Many features are often touted as “AI,” especially since the release of ChatGPT, but they are neural adaptive technologies that I refer to as autonomic intelligence, meaning that in animals, these types of brain activities happen autonomically, with little or no conscious cognitive processing.
Here are some of the ways generative AI may change meetings:
- Automated agenda development for project meetings. Based on the previous agenda, items including project plans, project output (with status reports), and the state of assigned tasks from previous meetings, should provide the basis for generative AI to create good agendas for meetings that focus on what is important to a project based on its description and intent, and what is important to attendees.
- Automated agenda development for non-project meetings. Non-project meetings will demonstrate generative AI’s strengths and weaknesses. From the strength perspective, generative AI will likely offer a suggested agenda for a wide range of meetings, from morale events to product kickoffs to large conferences. However, unlike project meetings that include a regular cadence of new content as input, a one-off meeting agenda may prove less aligned with an organizer’s vision without significant input to generative AI to describe intent and desire. It may remain easier for an organizer to create an agenda rather than describe the parameters for the meeting.

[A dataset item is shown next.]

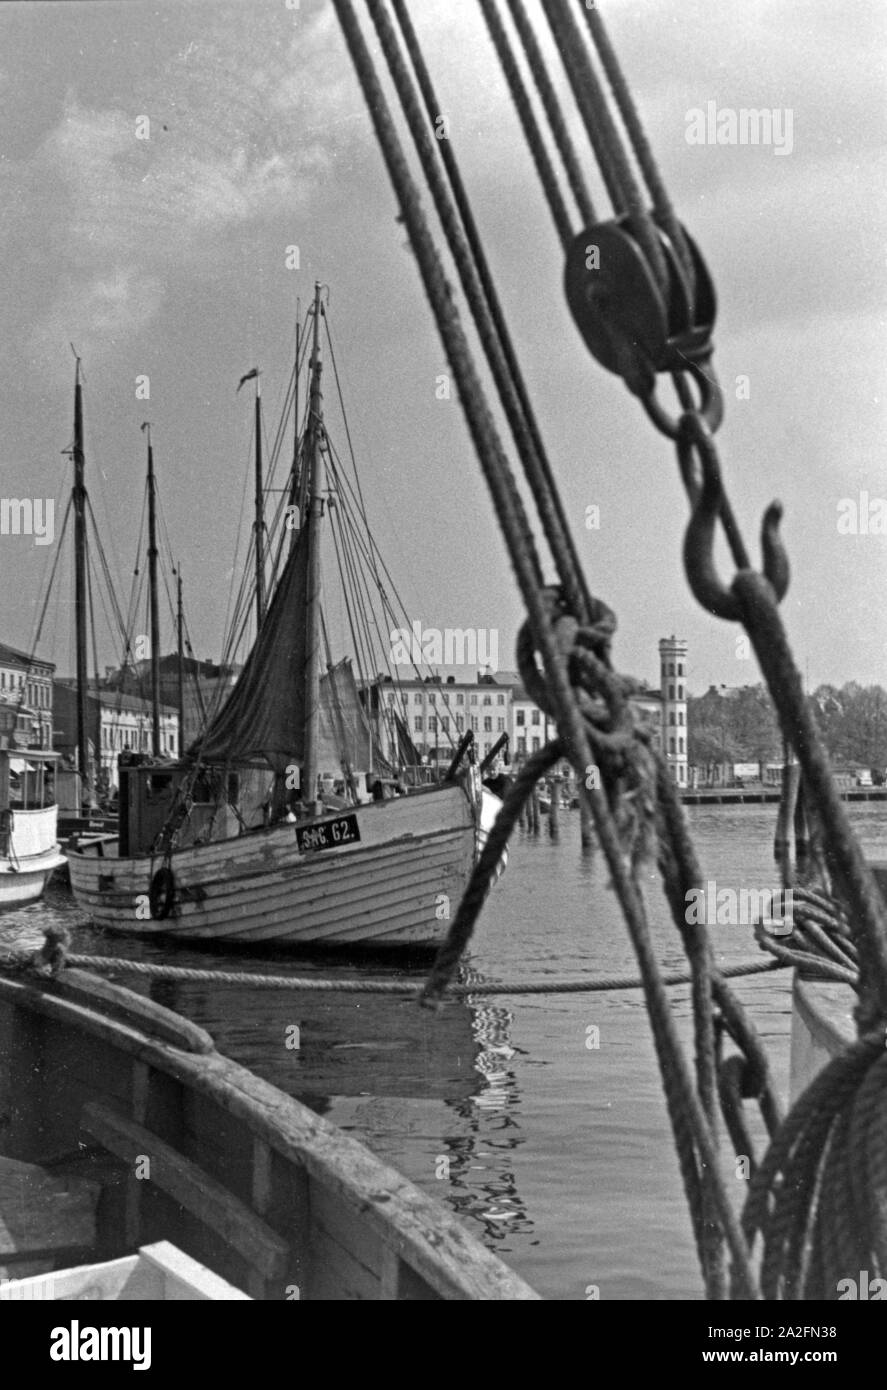 Fischerboote im Hafen, Deuitschland 1930er Jahre. Barcos de pesca en el puerto, Alemania 1930. Foto de stock

- Adaptive agendas. If a discussion veers a meeting away from the agenda, generative AI can adjust the agenda, perhaps by removing lower-priority items or moving topics to future meetings.
- Brainstorming and ideation. While this topic has its own feature under content creation, it is often an item on a meeting agenda. With virtual whiteboards and creative spaces, generative AI will offer brainstorming prompts, leverage existing ideas to suggest associated ideas that don’t appear, and will likely help organize virtual whiteboards, offering “clean-up” creative spaces on demand.
- Automated meeting minutes that include summaries of reports, links to referenced content, and attendee information. AI will likely also be able to generate outputs in different formats, for instance, producing a mind map of a meeting rather than a simple linear report out.
- Automated task assignments. Not only will generative AI identify action items, but it will also translate them into actions assigned to individuals in their task system of record.
- Inviting people to collaborate. While privacy and other restrictions may curtail this feature, ideally, AI will be able to identify subjects, topics and concepts across a variety of collaborative spaces, suggest synergies, and make introductions. This could help reduce duplication while also increasing serendipitous encounters. Group chats, team spaces, and persistent chat would benefit from this application of AI.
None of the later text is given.